Many myths surrounding vampires originated during the medieval period. With the arrival of Christianity in Greece, and other parts of Europe, the vampire "began to take on decidedly Christian characteristics." As various regions of the continent converted to Christianity, the vampire was viewed as "a dead person who retained a semblance of life and could leave its grave-much in the same way that Jesus had risen after His death and burial and appeared before His followers." In the Middle Ages, the Christian Churches reinterpreted vampires from their previous folk existence into minions of Satan, and used an allegory to communicate a doctrine to Christians: "Just as a vampire takes a sinner's very spirit into itself by drinking his blood, so also can a righteous Christian by drinking Christ's blood take the divine spirit into himself." The interpretation of vampires under the Christian Churches established connotations that are still associated in the vampire genre today. For example, the "ability of the cross to hurt and ward off vampires is distinctly due to its Christian association."

The 12th-century British historians and chroniclers Walter Map and William of Newburgh recorded accounts of revenants, though records in English legends of vampiric beings after this date are scant.

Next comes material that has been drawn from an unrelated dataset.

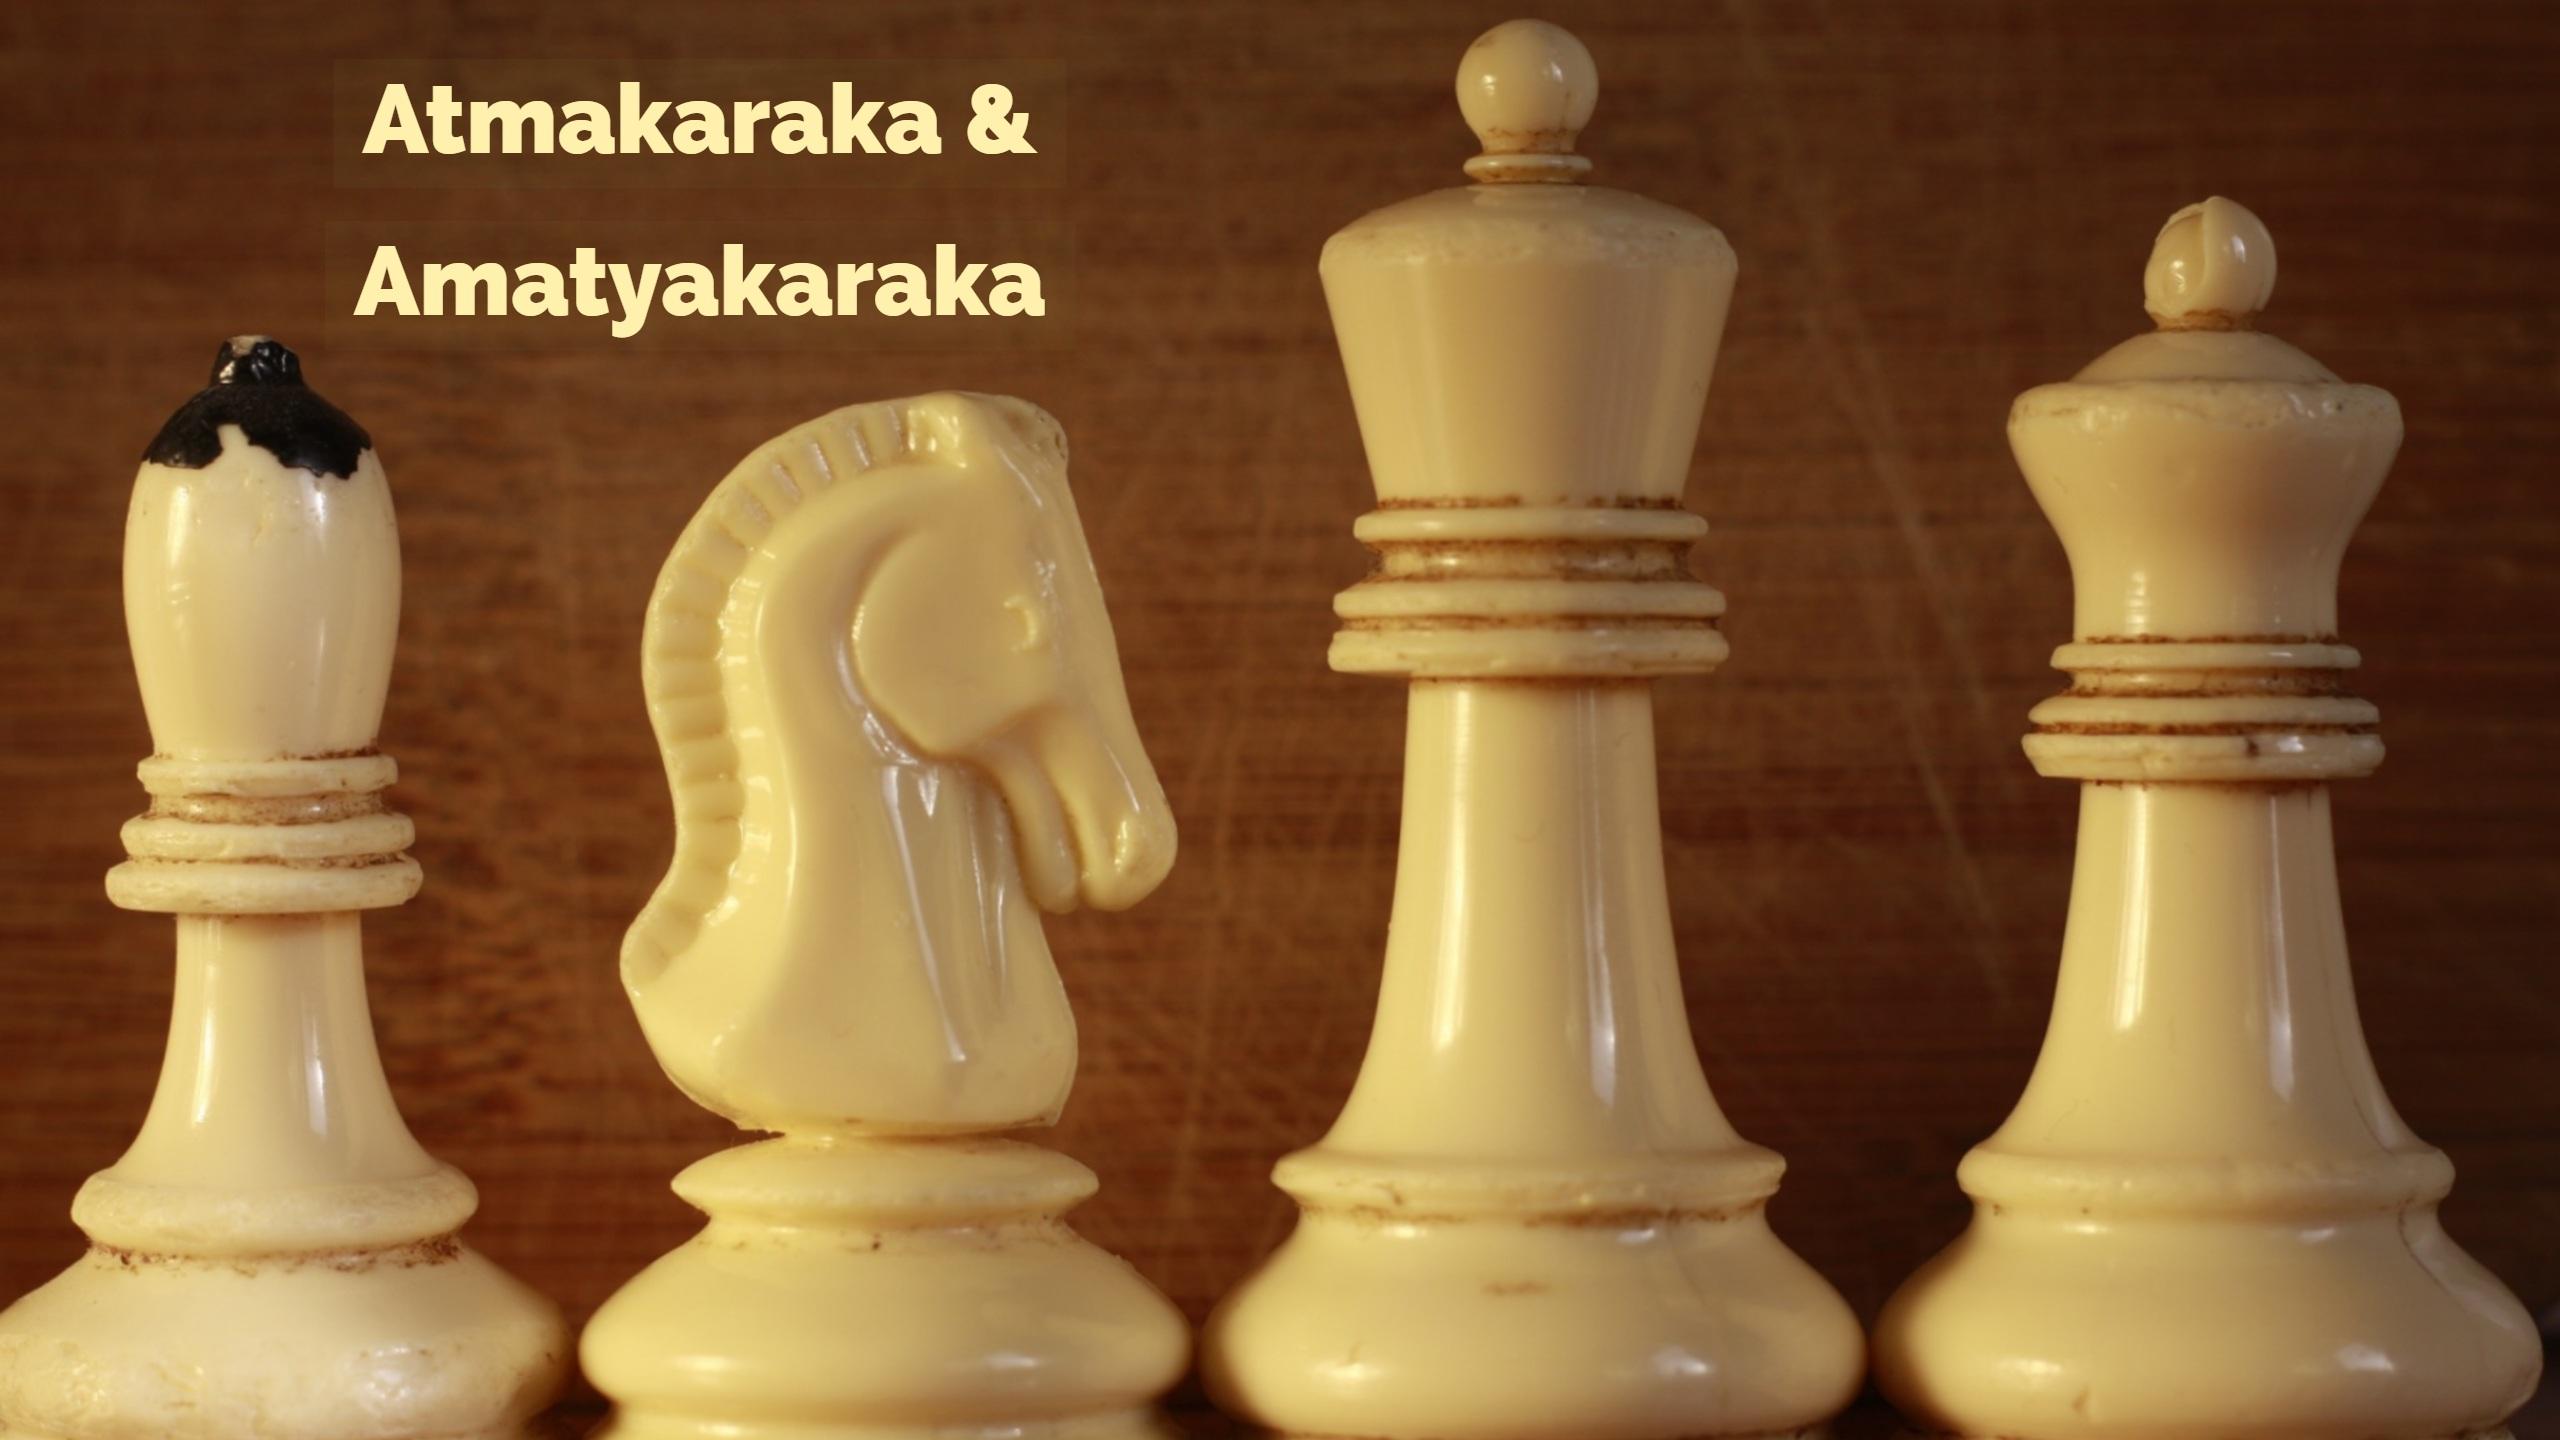 Atmakaraka & Amatyakaraka
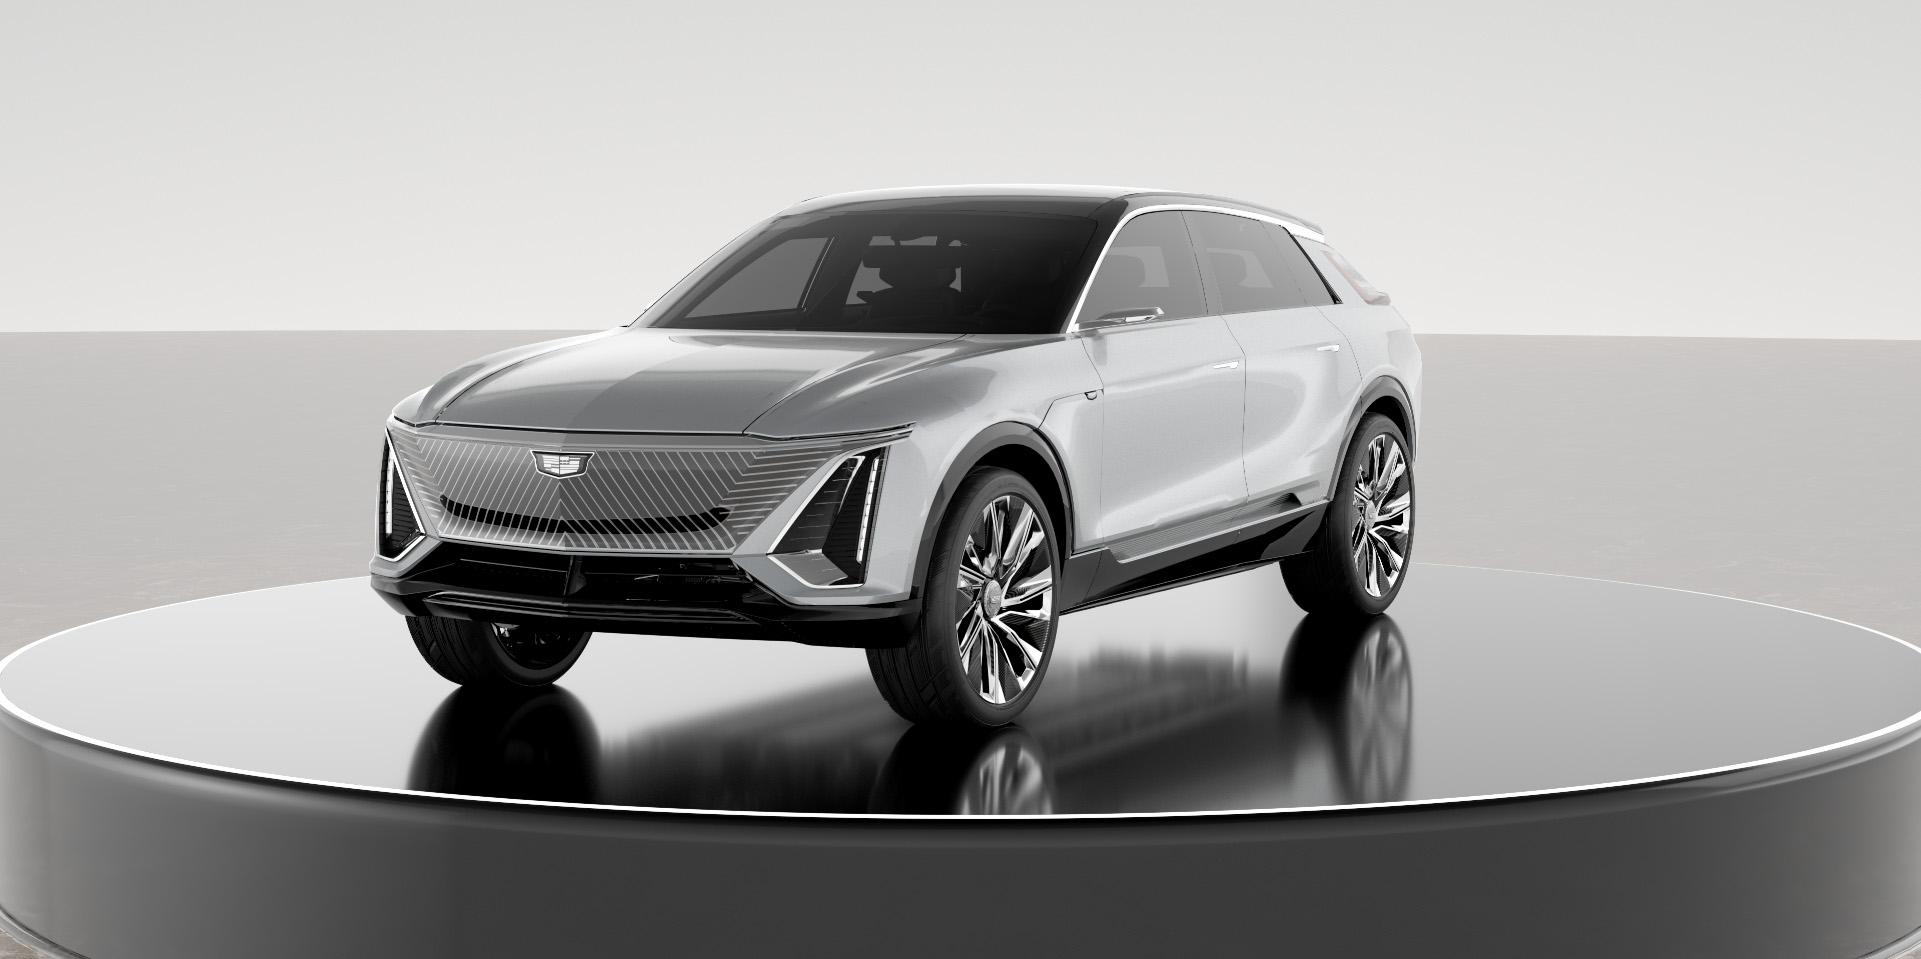 GM revela detalles del futuro de sus autos en el CES 2021

The Old Norse draugr is another medieval example of an undead creature with similarities to vampires. Vampiric beings were rarely written about in Jewish literature; the 16th-century rabbi David ben Solomon ibn Abi Zimra (Radbaz) wrote of an uncharitable old woman whose body was unguarded and unburied for three days after she died and rose as a vampiric entity, killing hundreds of people. He linked this event to the lack of a shmirah (guarding) after death as the corpse could be a vessel for evil spirits.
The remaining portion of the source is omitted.